In the material below, find the line containing "Humble Sportswear™ Men's" and the line containing "New modern kitchen". Output those two lines and all lines between them exactly, without pictures.

§ **Stored data**:

____

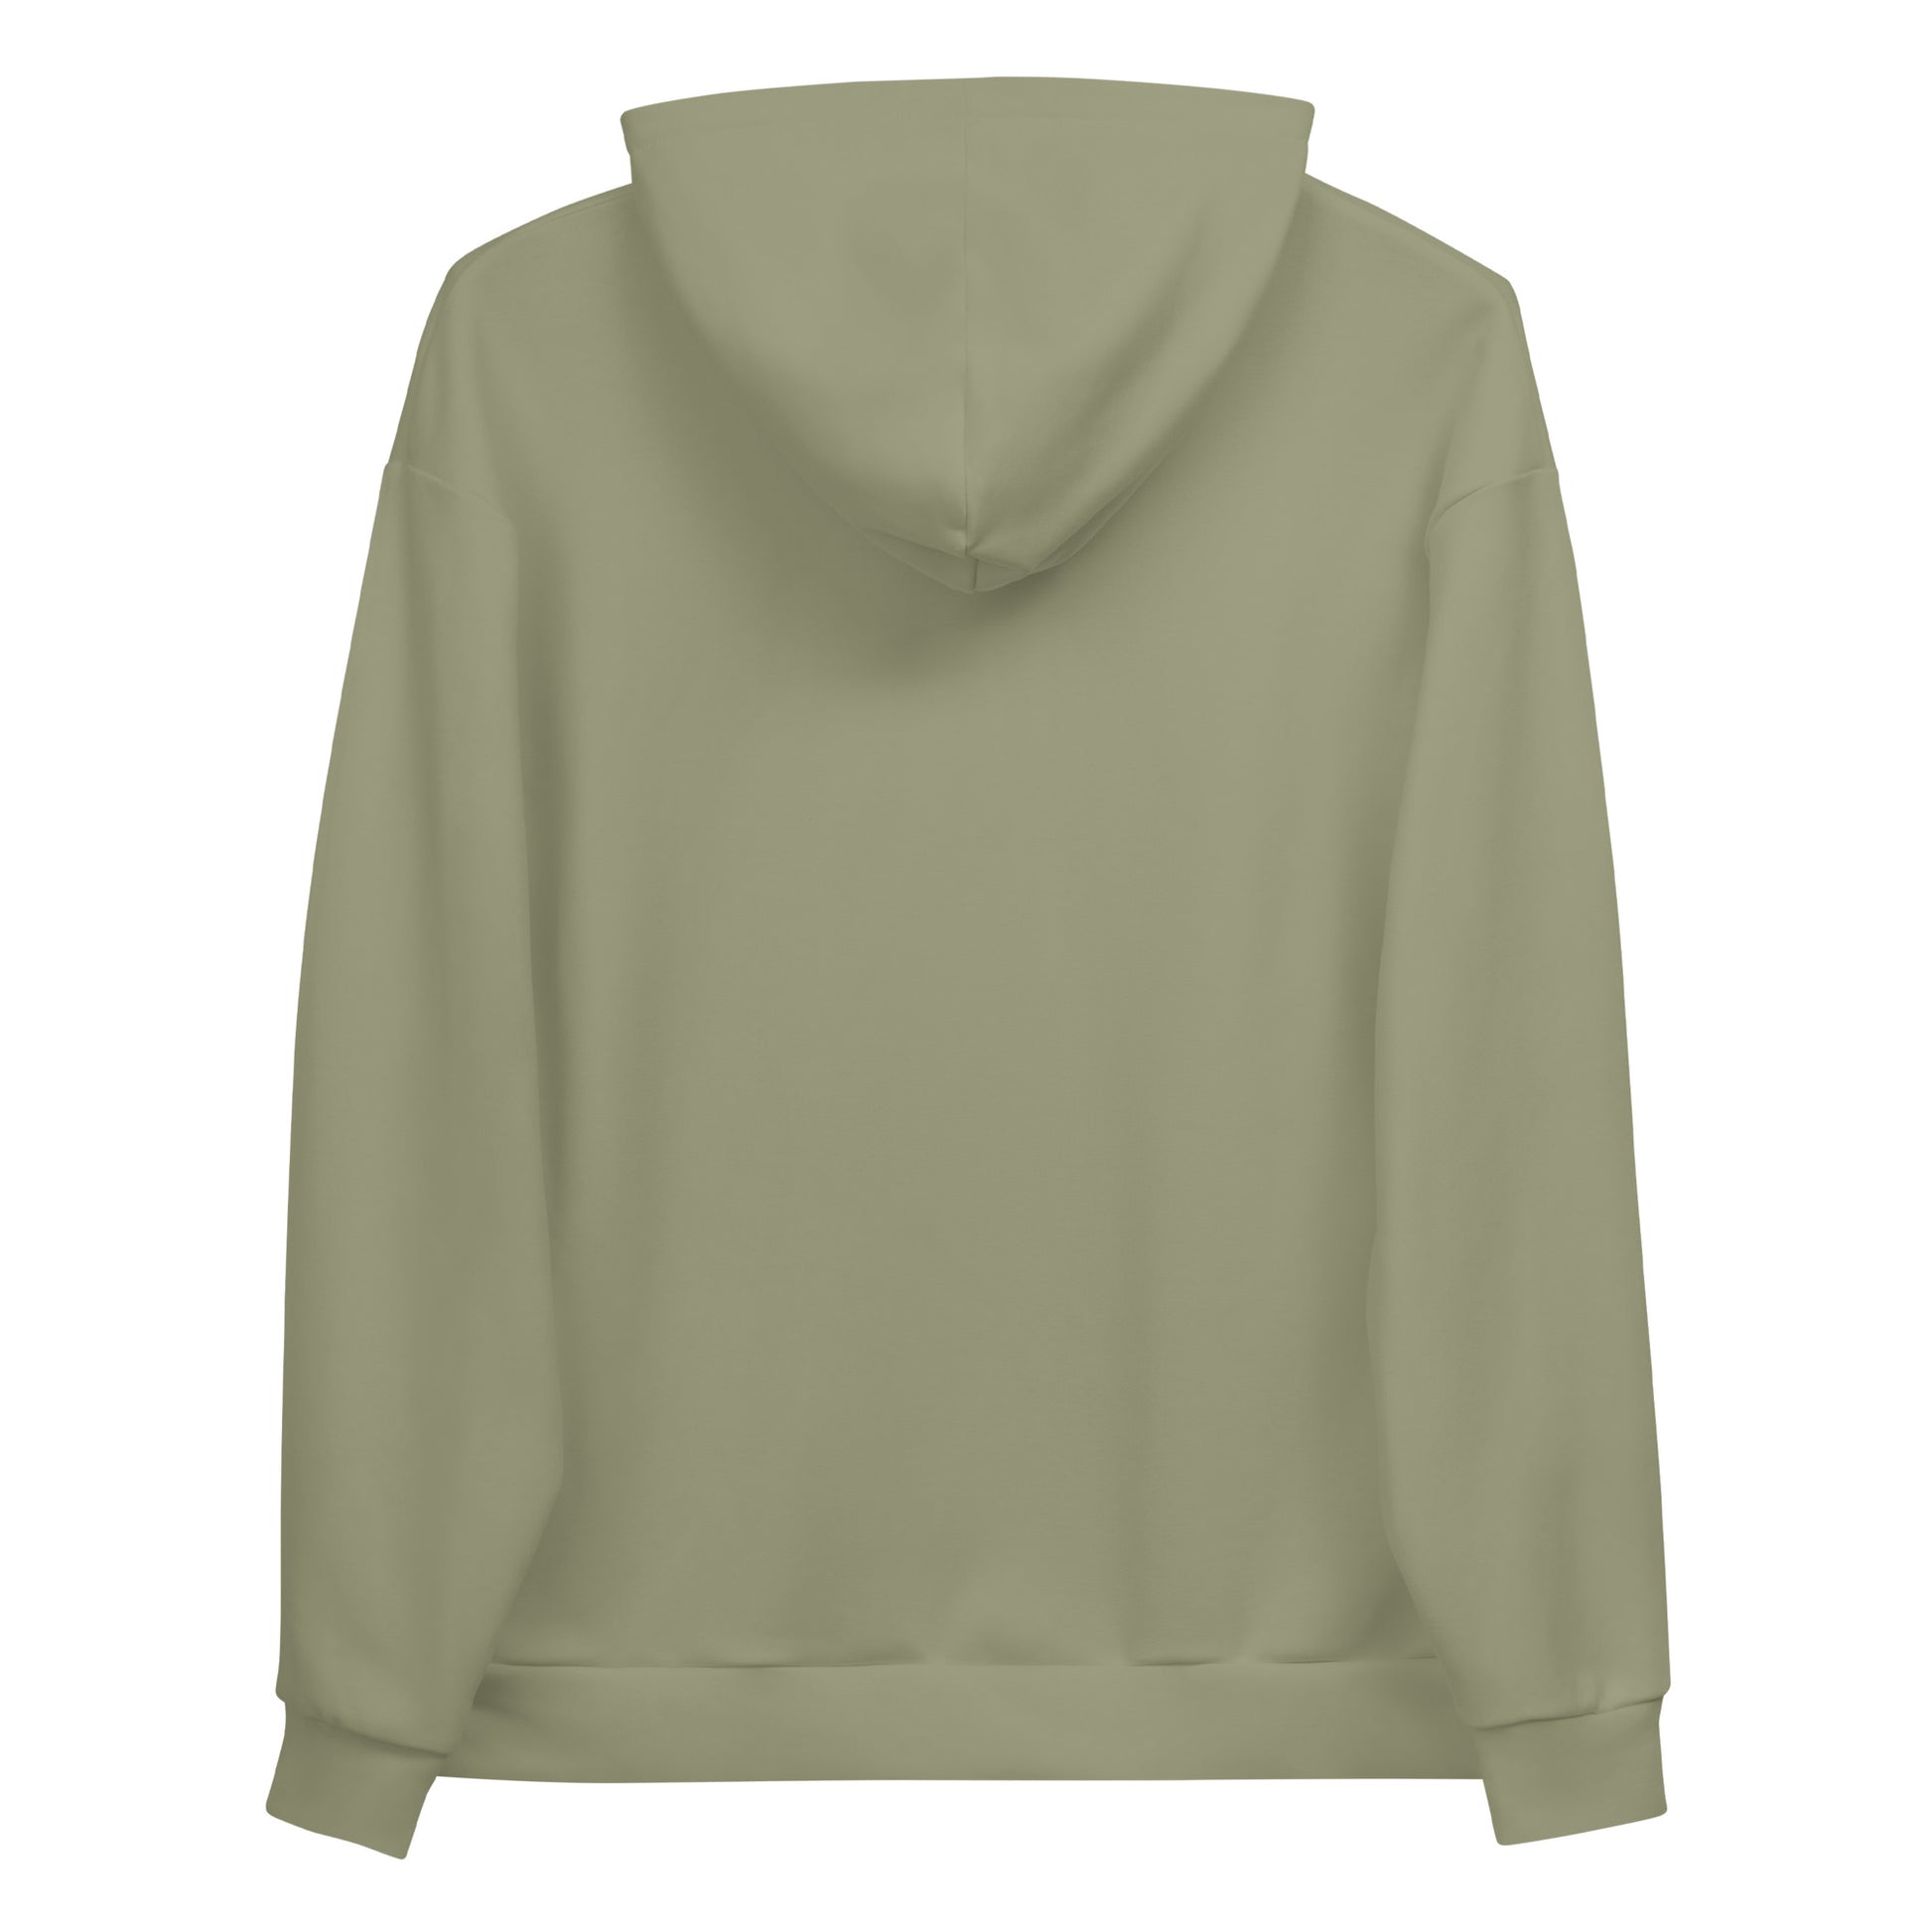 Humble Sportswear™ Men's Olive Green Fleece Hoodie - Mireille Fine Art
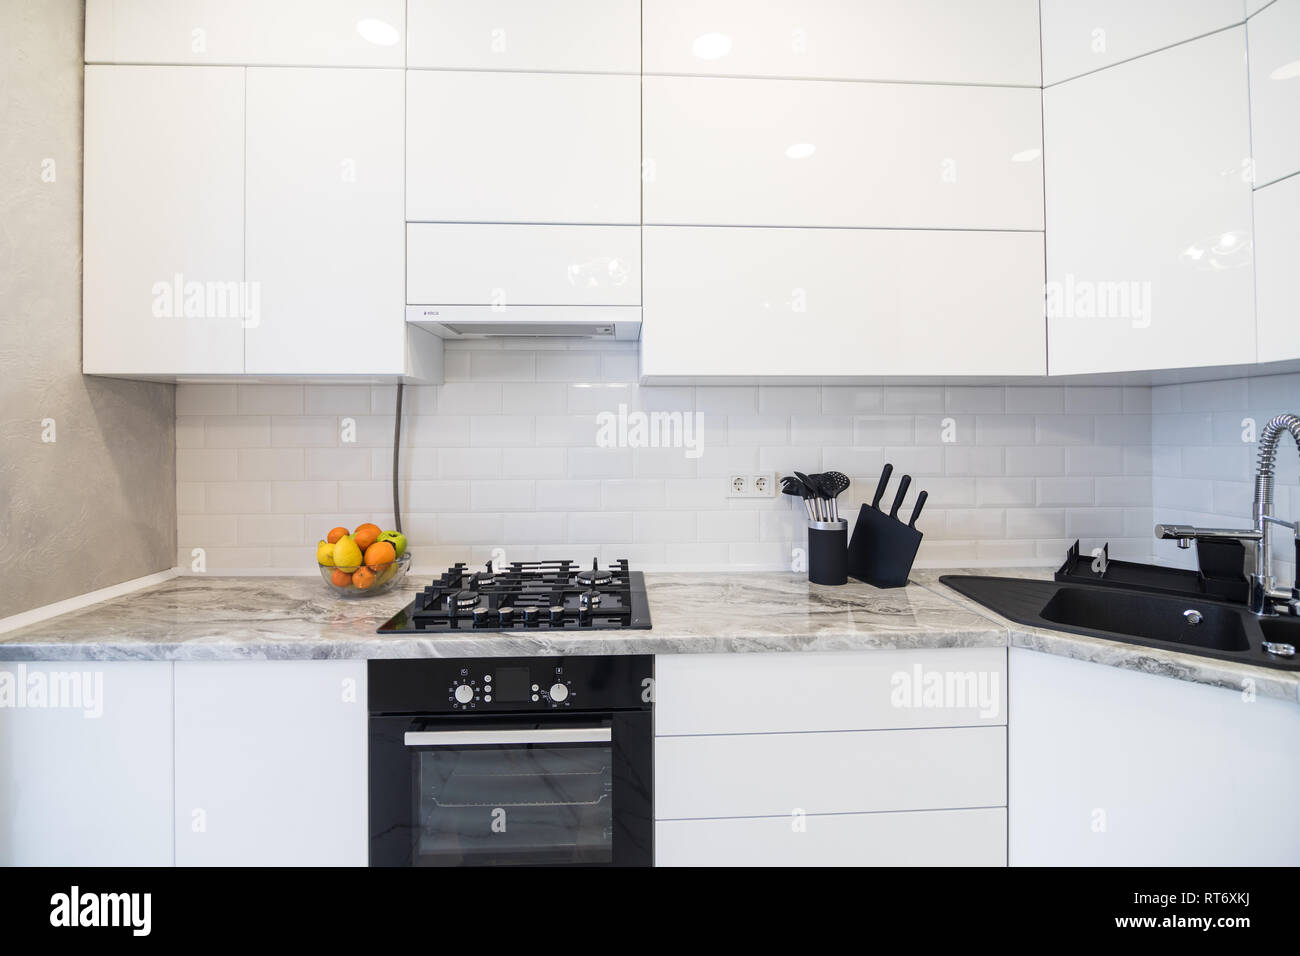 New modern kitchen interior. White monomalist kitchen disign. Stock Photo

____

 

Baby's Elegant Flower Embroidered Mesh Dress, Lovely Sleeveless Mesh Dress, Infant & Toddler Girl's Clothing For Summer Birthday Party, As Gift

____

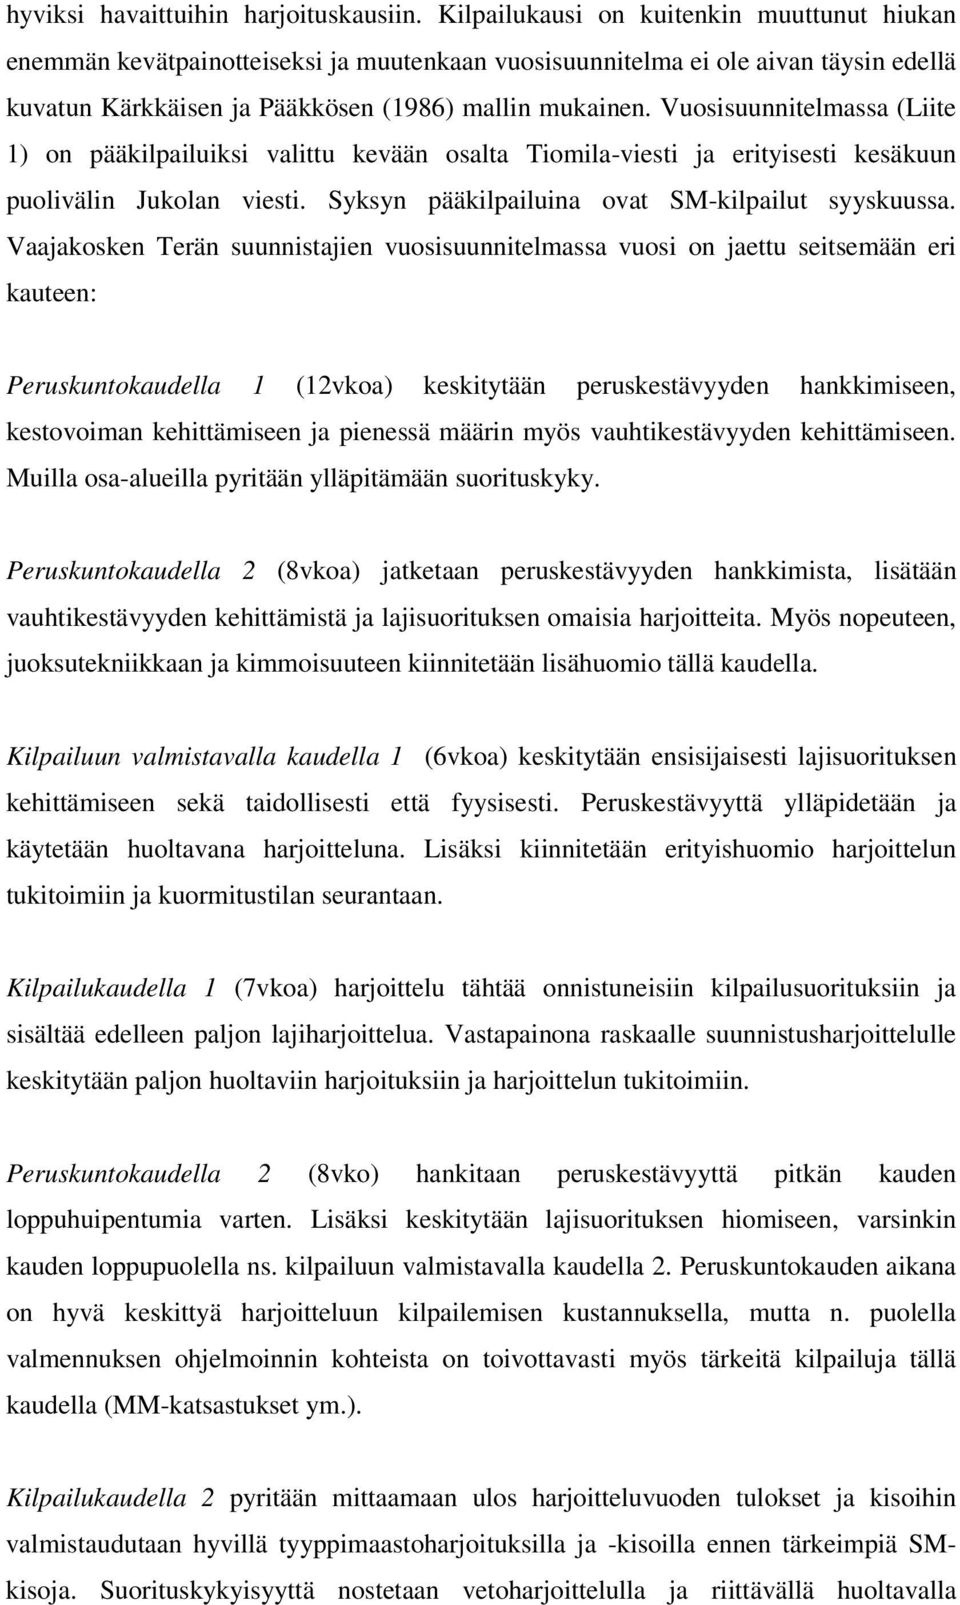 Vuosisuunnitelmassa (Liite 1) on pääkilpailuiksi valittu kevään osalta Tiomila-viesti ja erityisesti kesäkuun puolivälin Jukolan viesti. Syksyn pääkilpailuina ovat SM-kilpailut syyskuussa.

____

§ **Answer box**:
 Humble Sportswear™ Men's Olive Green Fleece Hoodie - Mireille Fine Art
 New modern kitchen interior. White monomalist kitchen disign. Stock Photo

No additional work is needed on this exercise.